What to do:
Sift the material for lines containing "Diamond", and return them.
>>>>>
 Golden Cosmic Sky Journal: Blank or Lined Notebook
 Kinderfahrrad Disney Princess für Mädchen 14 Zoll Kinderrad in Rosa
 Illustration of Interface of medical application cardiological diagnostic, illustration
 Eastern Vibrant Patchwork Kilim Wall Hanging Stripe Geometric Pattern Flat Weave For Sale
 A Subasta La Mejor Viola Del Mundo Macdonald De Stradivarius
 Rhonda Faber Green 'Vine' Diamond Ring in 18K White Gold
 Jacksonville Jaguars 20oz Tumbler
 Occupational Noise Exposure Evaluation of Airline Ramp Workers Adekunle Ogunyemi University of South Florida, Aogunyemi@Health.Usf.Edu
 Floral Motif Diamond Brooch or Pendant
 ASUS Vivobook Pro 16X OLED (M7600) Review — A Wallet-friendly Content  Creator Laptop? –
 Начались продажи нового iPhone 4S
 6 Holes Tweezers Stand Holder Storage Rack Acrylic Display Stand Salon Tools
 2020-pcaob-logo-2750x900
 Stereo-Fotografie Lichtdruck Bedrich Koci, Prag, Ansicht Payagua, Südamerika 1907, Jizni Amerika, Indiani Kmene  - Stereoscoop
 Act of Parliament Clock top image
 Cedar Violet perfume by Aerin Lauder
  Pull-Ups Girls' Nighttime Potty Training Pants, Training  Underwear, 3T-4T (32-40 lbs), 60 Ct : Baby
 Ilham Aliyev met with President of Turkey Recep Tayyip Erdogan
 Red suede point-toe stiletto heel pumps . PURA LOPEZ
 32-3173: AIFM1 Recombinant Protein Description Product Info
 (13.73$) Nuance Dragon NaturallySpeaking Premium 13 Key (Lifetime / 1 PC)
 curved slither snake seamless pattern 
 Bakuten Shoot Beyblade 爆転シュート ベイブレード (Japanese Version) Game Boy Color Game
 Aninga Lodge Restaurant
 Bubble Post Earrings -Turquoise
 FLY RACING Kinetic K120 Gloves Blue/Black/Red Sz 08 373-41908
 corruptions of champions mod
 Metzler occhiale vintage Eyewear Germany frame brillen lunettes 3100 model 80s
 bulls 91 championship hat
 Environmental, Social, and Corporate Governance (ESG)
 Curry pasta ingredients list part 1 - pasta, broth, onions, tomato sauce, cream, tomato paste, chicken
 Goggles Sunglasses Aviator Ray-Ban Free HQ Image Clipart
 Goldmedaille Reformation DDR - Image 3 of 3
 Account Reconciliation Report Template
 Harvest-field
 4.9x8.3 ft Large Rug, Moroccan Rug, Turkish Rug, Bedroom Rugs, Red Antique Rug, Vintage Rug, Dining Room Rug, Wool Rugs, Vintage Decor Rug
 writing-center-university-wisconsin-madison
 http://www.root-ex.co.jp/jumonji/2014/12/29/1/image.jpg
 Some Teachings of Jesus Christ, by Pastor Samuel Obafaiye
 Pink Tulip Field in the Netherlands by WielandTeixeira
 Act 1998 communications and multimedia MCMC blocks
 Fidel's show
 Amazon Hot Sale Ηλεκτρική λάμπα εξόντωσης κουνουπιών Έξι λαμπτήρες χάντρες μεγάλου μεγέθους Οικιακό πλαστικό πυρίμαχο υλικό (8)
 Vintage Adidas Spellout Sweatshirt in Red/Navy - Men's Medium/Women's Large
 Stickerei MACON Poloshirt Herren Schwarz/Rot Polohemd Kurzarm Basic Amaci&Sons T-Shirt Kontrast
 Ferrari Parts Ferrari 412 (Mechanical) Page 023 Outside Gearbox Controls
<<<<<
Exercise solution:
 Rhonda Faber Green 'Vine' Diamond Ring in 18K White Gold
 Floral Motif Diamond Brooch or Pendant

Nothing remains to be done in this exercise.